==== Provided records ====

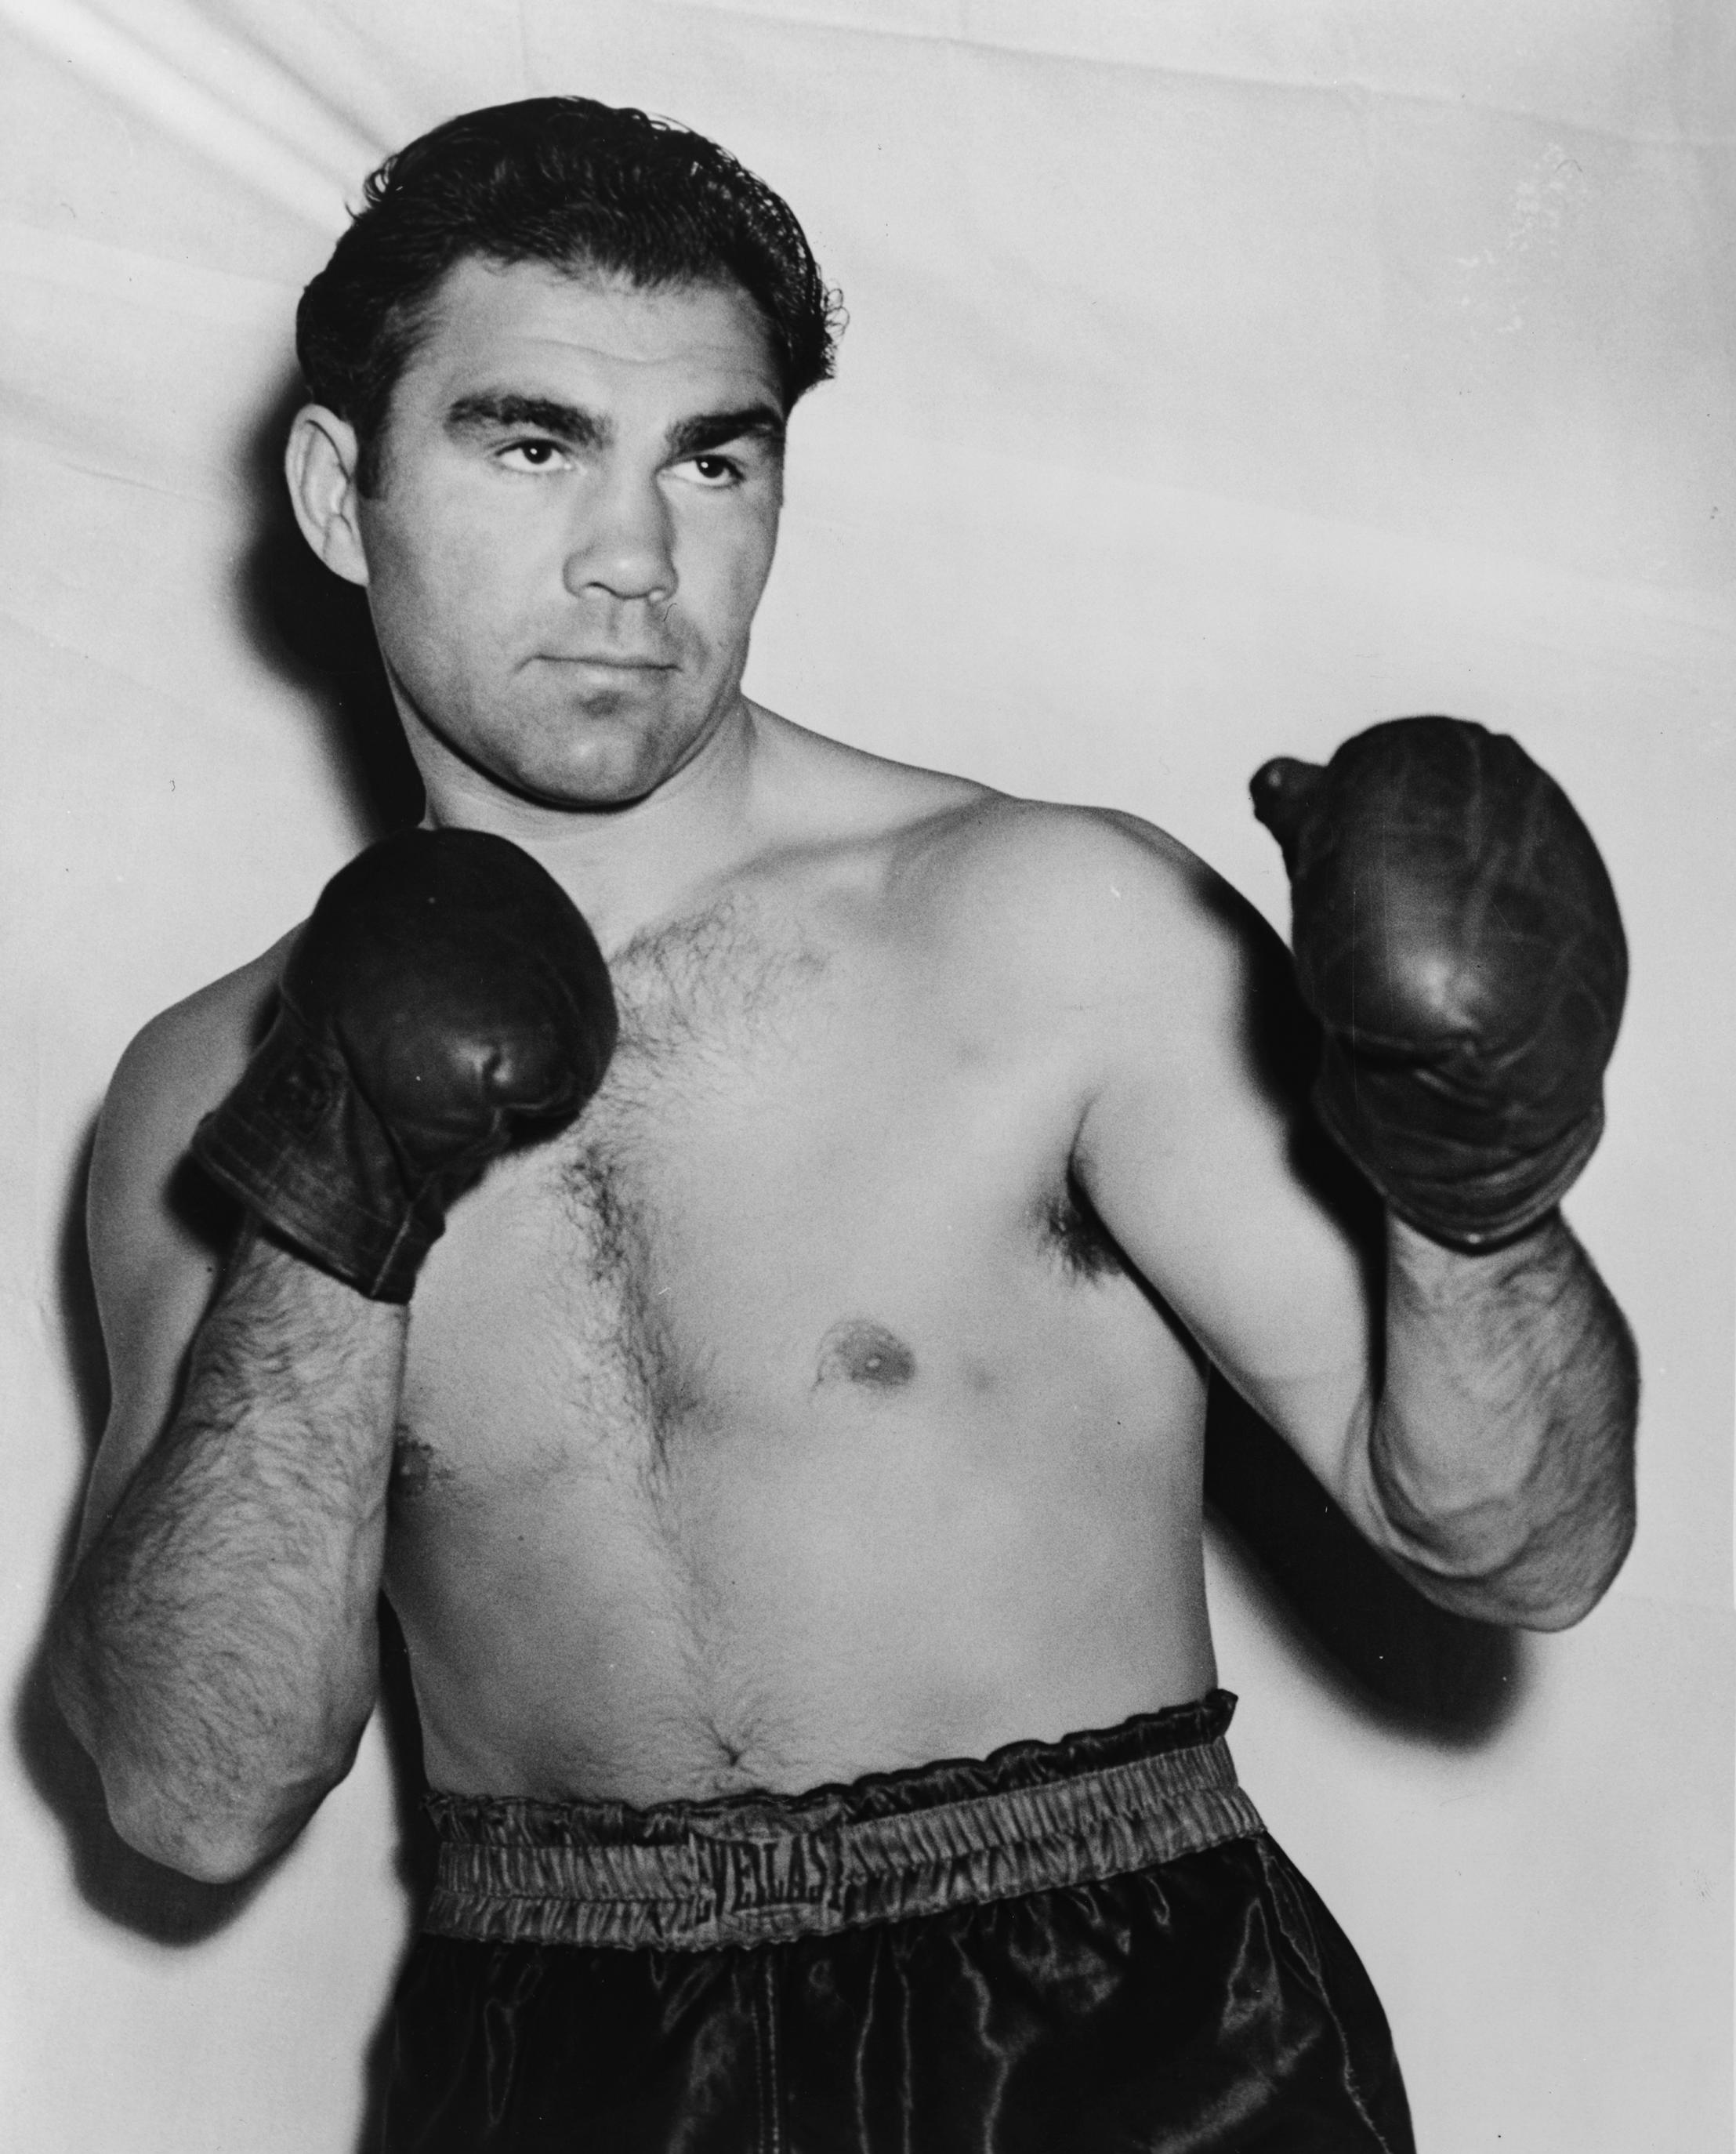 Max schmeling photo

====
==== Provided records ====

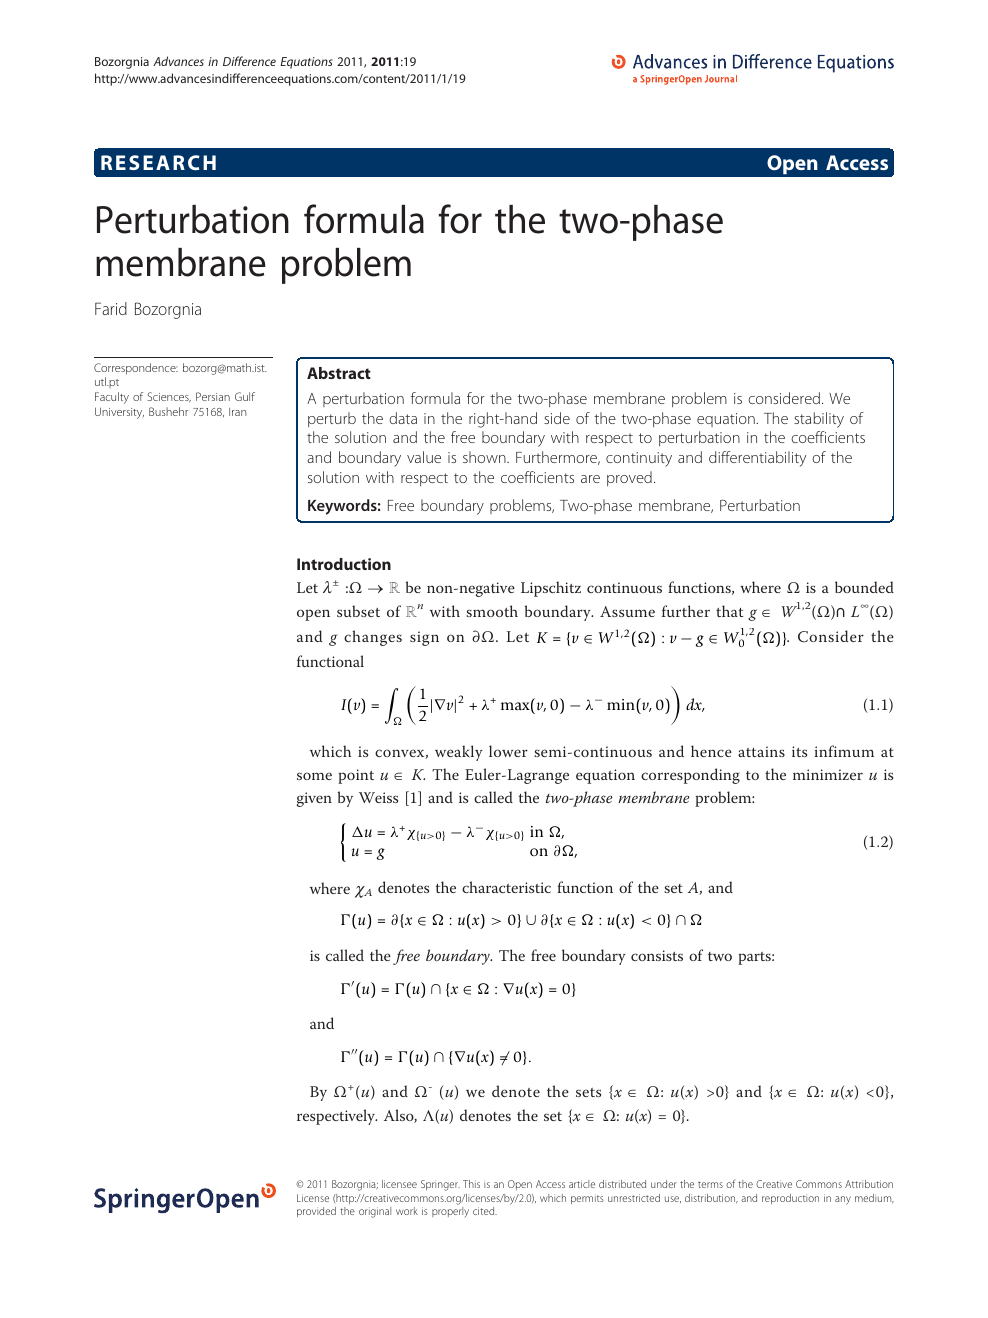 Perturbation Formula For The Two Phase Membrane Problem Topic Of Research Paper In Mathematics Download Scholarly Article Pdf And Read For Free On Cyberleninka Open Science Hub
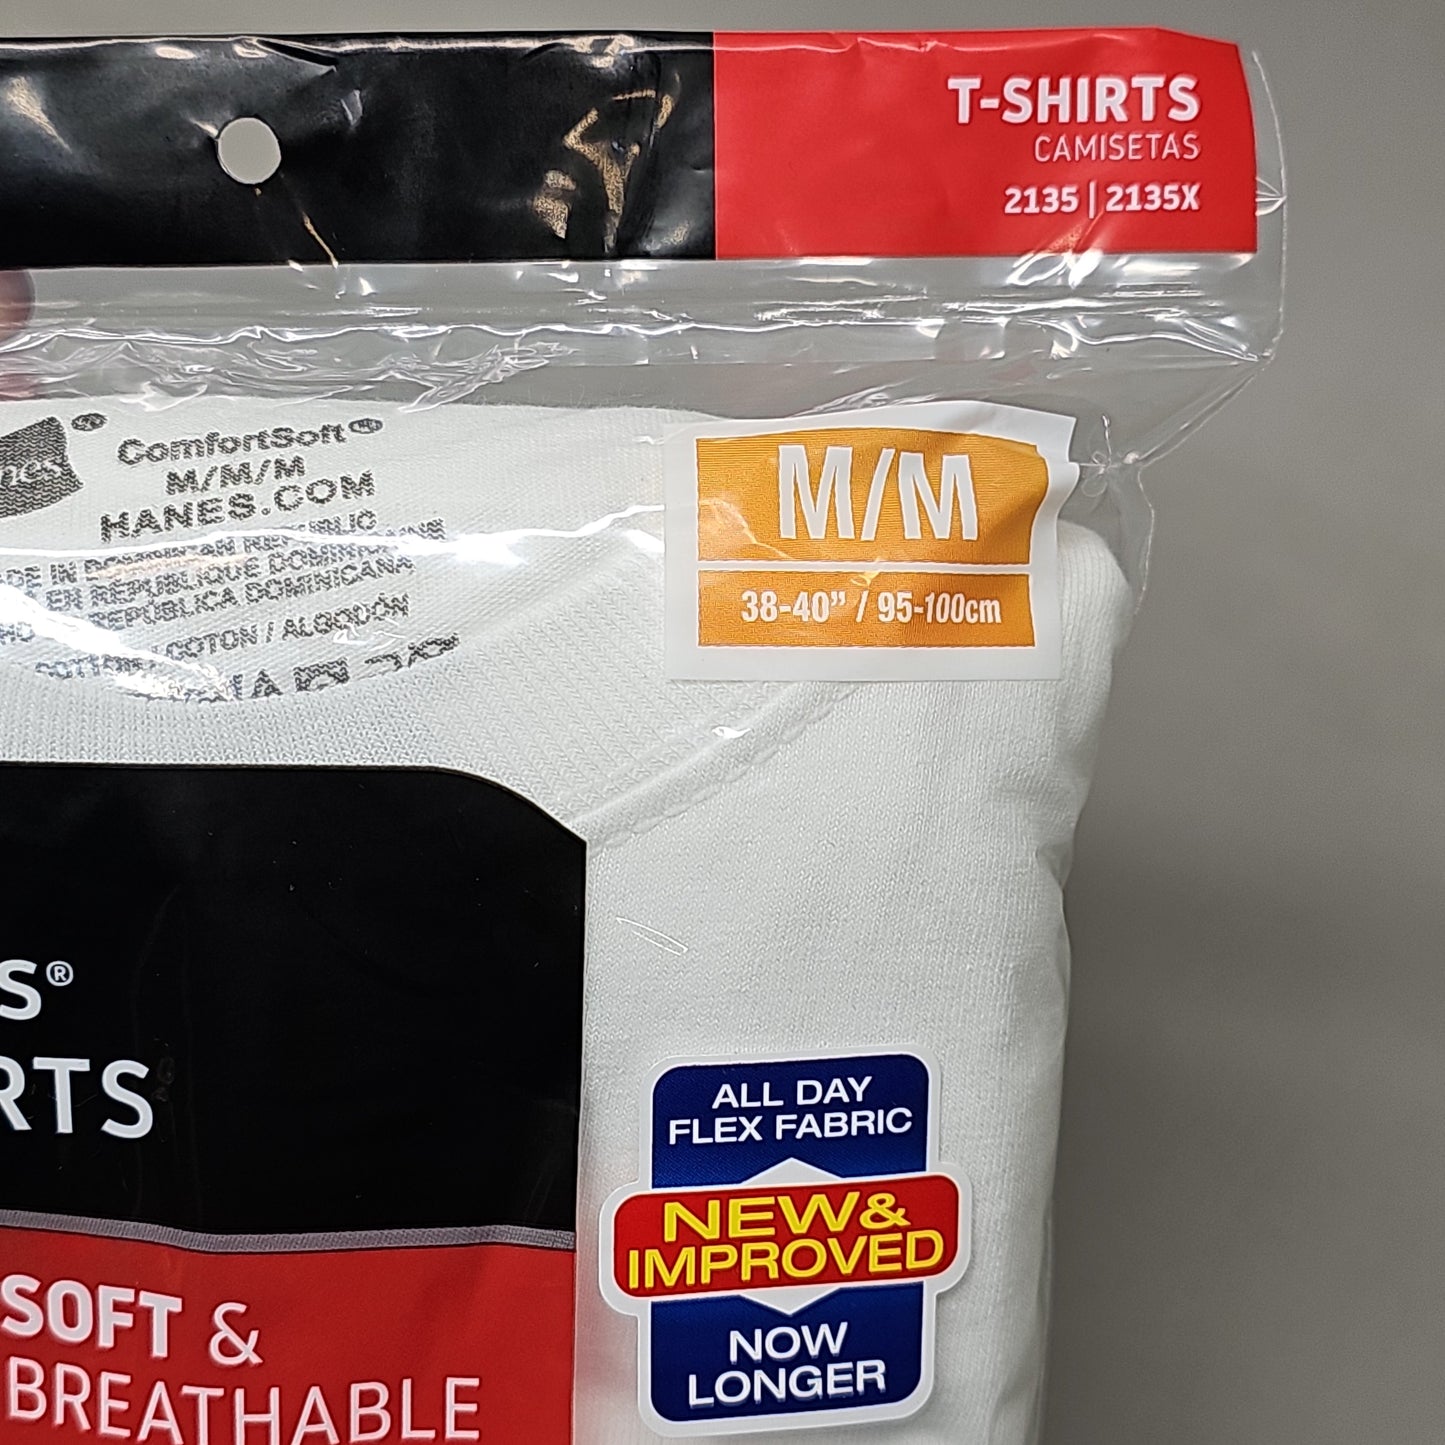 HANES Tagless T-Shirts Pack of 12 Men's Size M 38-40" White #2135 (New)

====
==== Provided records ====

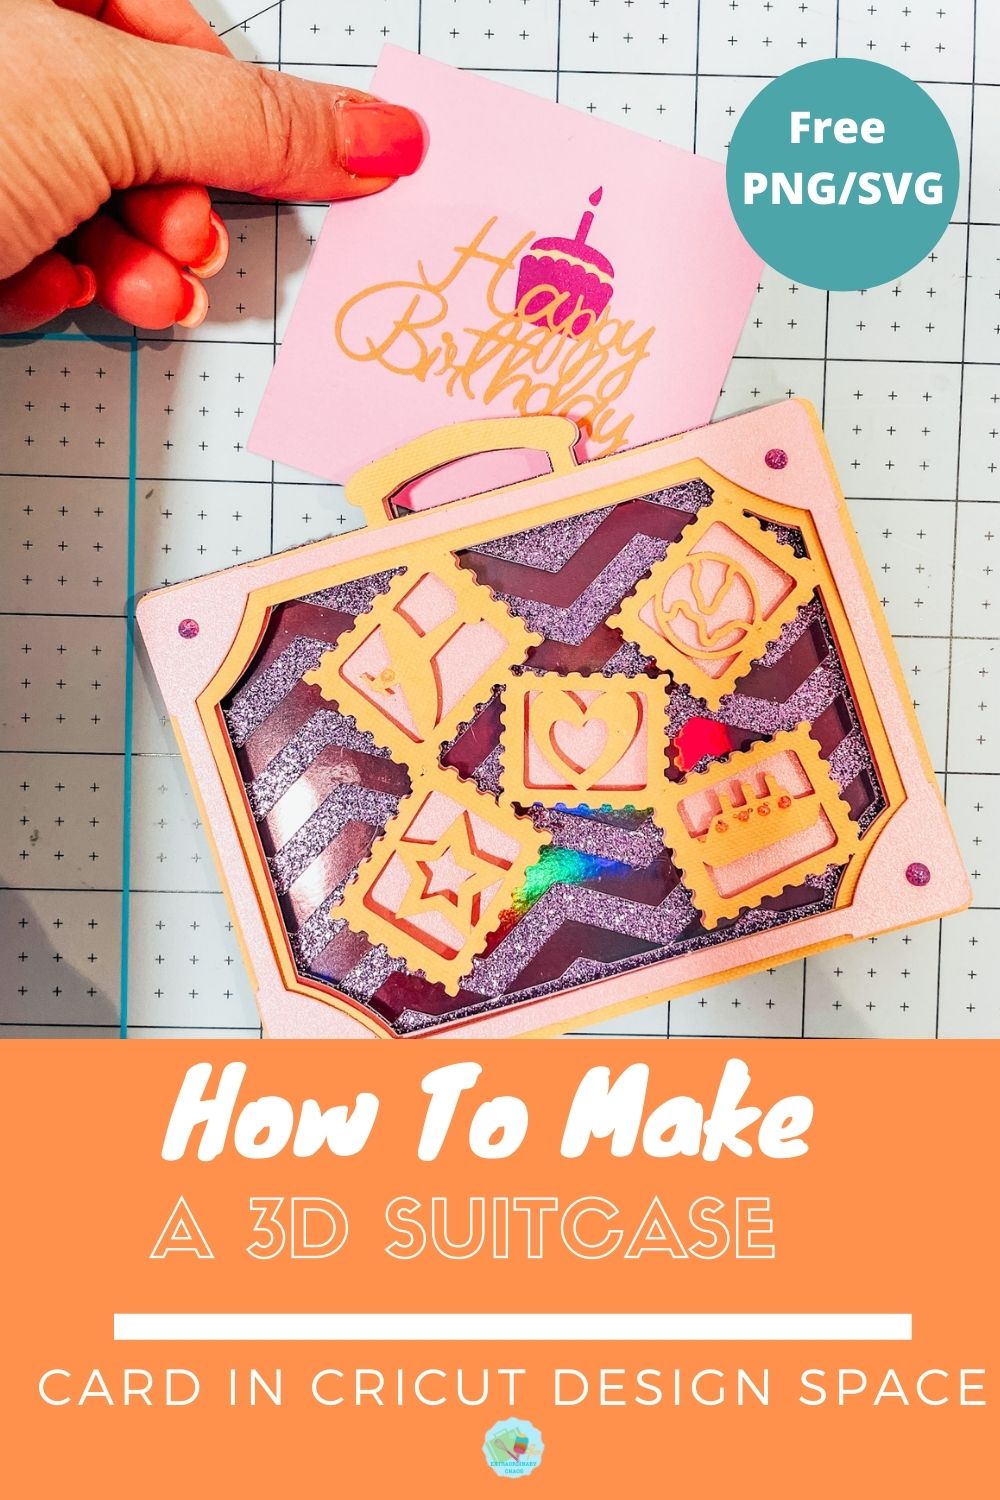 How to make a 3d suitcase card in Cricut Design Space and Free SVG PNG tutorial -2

====

The lines above starting at the one that holds "Perturbation Formula For" and ending at the one that holds "HANES Tagless T-Shirts" are to be written out exactly, ends included, and no pictures are to be copied.

**Reply to the task:**
 Perturbation Formula For The Two Phase Membrane Problem Topic Of Research Paper In Mathematics Download Scholarly Article Pdf And Read For Free On Cyberleninka Open Science Hub
 HANES Tagless T-Shirts Pack of 12 Men's Size M 38-40" White #2135 (New)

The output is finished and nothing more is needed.